Being at fault, or being liable refers to the driver who caused the accident to happen due to either recklessness or negligence, and has to recompense the injured party for the damages instilled. The driver who is held liable will have to pay for the property damages, along with the personal injury damages. There are typically two reasons behind being at fault:
- Negligence: The driver causes harm by something without paying mind or carelessly doing so that another person would not have done in that same circumstance.
- Recklessness: The driver does something that they know can result in someone’s harm.
Different Types of Fault
‘Fault’ is the determining key for a driver’s case to either collect damages, or have to pay those damages. There are some states that do not care who caused the accident and have the insurance companies pay for the damages, which is known as no-fault rule. The states do take into account the percentage of at fault that each driver had, resulting in a cap in the awarded amount.
The different faults are placed in these three categories:
- Pure Contributory Negligence: Even if the other driver had a fault percentage of 99, the driver would not get awarded anything if he/she played any part in the accident. Alabama, Maryland, North Carolina, Virginia, and Washington DC, are the states currently using this rule.
- Pure Comparative Fault: An award will always be due to the driver, but will be reduced by the percentage of the fault. AK, AZ, CA, FL, KY, LA, MS, MO, NM, NY, RI, SD, WA, are the states currently using this rule.
- Proportional Comparative Fault: The driver that is less responsible for the accident can collect for damages through share of fault, whereas the driver with the most fault would not collect anything. There is the version known as 50% Proportional Comparative fault which is when the eligibility of the driver finishes at 50% fault. If both drivers were equally responsible, none of the drivers will be able to collect. AR, CO, GA, ID, KS, ME, NE, ND, OK, TN, UT, WV are states currently using this rule.
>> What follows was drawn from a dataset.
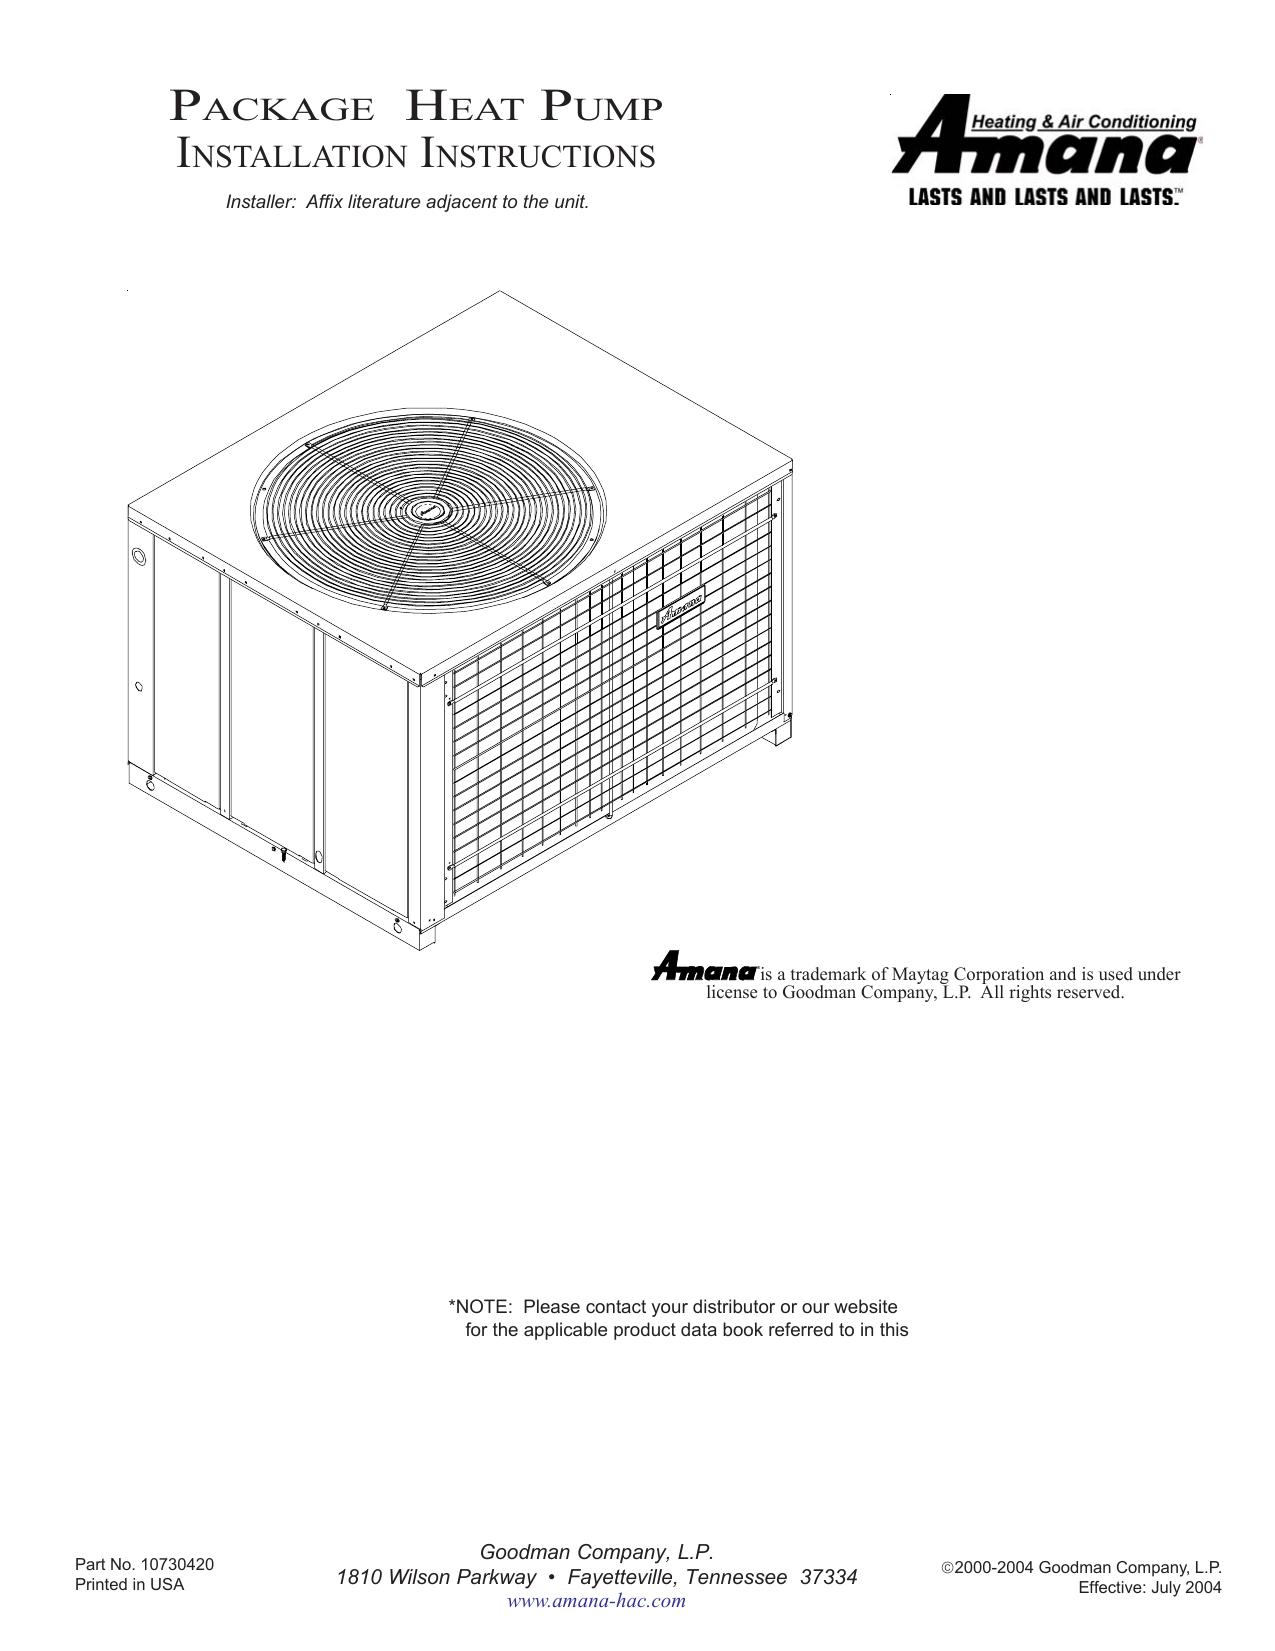 Amana PHD48 Product data

- Proportional Comparative Fault (51%): The eligibility of the driver finishes at 51% fault. Both parties will be able to collect if they were both equally responsible for the accident. CT, DE, HI, IL, IN, IA, MA, MI, MN, MT, NV, NH, NJ, OH, OR, PA, SC, TX, VT, WY, are the states currently using this rule.
By simply looking at which car was hit is not a way to determine which driver was at fault. Police reports will be examined by insurance companies and attorneys. They will review to see if any negligence was mentioned or citations, although citations are not a means in proving fault, but they can help in supporting evidence. The sequence of events that led to the crash can be established only by reliable witnesses. The decision of which driver was at fault is subjective. Always seek the help of a Miami personal injury lawyer if you have fallen victim to a car accident.
There are two types of accidents where the at fault driver is very apparent:
- Left turn collisions: These collisions typically happen because the driver trying to turn left tried to do so unsafely. There is always the slight possibility of the oncoming driver to have been speeding or running a red light, but these reckless behaviors should be spotted before the driver attempts to make a left turn.
- Rear-end collisions: These crashes make the driver who hit the car at fault because they did not follow the driving rules and regulation of allowing sufficient space between both cars. There could be a share in fault if the driver who was hit did not have functioning break lights, or another car hit the at fault driver causing them to hit the car.